Where the data below has the string "wiring", return the whole line.

Extracted data:
[Start of Attachment]

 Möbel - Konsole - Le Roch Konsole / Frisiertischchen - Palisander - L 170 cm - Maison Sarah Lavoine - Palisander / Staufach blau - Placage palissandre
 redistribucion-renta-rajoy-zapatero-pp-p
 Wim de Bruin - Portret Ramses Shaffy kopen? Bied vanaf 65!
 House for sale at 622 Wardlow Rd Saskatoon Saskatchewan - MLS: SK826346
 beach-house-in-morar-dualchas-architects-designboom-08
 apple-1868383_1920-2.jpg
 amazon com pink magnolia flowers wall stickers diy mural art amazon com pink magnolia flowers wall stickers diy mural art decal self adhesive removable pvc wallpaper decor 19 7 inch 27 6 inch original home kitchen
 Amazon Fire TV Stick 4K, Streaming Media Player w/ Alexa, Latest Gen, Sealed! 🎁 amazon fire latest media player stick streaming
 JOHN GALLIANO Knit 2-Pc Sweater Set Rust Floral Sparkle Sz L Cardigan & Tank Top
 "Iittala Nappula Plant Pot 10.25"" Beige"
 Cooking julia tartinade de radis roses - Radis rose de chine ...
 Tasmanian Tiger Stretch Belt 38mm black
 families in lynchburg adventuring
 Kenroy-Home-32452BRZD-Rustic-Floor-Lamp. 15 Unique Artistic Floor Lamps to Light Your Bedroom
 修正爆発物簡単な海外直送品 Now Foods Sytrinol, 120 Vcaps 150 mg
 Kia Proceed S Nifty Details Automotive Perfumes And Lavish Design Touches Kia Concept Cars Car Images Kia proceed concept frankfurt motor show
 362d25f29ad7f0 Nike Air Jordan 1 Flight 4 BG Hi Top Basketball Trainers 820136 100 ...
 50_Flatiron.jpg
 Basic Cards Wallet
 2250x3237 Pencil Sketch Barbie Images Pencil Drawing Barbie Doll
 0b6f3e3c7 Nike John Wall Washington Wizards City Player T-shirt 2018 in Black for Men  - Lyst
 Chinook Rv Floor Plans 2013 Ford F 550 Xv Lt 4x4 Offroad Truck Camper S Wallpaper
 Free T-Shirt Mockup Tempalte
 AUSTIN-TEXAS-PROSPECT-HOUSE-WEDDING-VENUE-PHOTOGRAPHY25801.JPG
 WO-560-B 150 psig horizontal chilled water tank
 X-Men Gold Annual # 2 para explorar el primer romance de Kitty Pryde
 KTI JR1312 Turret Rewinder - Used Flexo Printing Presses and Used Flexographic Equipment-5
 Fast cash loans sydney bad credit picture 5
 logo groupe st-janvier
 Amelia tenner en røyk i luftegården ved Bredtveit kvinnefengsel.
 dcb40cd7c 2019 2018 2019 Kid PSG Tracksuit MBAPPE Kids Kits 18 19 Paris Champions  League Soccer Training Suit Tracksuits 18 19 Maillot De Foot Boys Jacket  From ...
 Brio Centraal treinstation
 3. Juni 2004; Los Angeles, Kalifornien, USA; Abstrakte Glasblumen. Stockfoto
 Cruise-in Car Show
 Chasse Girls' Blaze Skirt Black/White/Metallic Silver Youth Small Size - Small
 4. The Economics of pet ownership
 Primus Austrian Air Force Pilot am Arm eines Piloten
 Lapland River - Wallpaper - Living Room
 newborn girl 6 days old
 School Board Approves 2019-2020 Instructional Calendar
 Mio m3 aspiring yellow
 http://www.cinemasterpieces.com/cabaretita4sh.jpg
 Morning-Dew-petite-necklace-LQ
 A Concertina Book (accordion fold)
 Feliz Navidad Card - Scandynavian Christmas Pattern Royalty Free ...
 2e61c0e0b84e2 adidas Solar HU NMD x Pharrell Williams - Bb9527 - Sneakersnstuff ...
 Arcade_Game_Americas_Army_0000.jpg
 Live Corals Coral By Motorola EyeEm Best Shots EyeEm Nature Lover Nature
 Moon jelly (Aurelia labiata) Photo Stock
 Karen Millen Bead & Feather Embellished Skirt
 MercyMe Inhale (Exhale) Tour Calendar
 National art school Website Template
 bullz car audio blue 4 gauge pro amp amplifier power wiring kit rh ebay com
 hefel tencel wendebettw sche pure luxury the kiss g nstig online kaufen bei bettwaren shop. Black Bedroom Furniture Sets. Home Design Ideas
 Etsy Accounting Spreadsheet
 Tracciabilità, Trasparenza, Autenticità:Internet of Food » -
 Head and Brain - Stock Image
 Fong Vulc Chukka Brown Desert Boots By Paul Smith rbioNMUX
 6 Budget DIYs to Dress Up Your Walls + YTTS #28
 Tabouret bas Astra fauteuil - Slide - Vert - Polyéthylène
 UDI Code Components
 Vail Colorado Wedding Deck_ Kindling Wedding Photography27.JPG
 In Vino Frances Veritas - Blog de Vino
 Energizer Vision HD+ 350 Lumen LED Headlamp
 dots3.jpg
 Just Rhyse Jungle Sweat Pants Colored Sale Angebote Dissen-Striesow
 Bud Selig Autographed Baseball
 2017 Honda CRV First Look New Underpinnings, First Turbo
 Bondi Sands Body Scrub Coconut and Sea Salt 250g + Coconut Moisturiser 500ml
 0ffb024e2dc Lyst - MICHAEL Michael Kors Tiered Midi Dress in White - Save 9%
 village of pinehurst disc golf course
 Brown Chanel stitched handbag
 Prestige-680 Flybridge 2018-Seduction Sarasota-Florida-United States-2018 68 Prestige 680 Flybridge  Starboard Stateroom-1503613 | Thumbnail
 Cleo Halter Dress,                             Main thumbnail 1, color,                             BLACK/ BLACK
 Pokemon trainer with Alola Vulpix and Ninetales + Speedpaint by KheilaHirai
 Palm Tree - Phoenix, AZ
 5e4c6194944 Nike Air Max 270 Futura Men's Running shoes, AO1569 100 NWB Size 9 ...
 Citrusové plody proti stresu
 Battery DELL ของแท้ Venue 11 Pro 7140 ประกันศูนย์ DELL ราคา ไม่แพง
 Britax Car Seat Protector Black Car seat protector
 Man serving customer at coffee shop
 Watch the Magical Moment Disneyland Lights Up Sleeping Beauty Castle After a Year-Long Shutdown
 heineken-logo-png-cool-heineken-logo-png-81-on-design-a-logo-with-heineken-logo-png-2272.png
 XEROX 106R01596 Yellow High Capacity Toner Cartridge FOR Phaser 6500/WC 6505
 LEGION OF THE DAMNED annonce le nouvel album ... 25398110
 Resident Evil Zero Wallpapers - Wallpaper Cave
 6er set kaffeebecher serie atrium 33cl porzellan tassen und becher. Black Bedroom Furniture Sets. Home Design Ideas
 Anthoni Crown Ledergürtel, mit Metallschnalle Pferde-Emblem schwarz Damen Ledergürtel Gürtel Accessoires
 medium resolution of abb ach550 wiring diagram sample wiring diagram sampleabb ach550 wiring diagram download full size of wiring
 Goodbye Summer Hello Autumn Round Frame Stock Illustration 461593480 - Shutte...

[End of Attachment]

Exercise output:
 bullz car audio blue 4 gauge pro amp amplifier power wiring kit rh ebay com
 medium resolution of abb ach550 wiring diagram sample wiring diagram sampleabb ach550 wiring diagram download full size of wiring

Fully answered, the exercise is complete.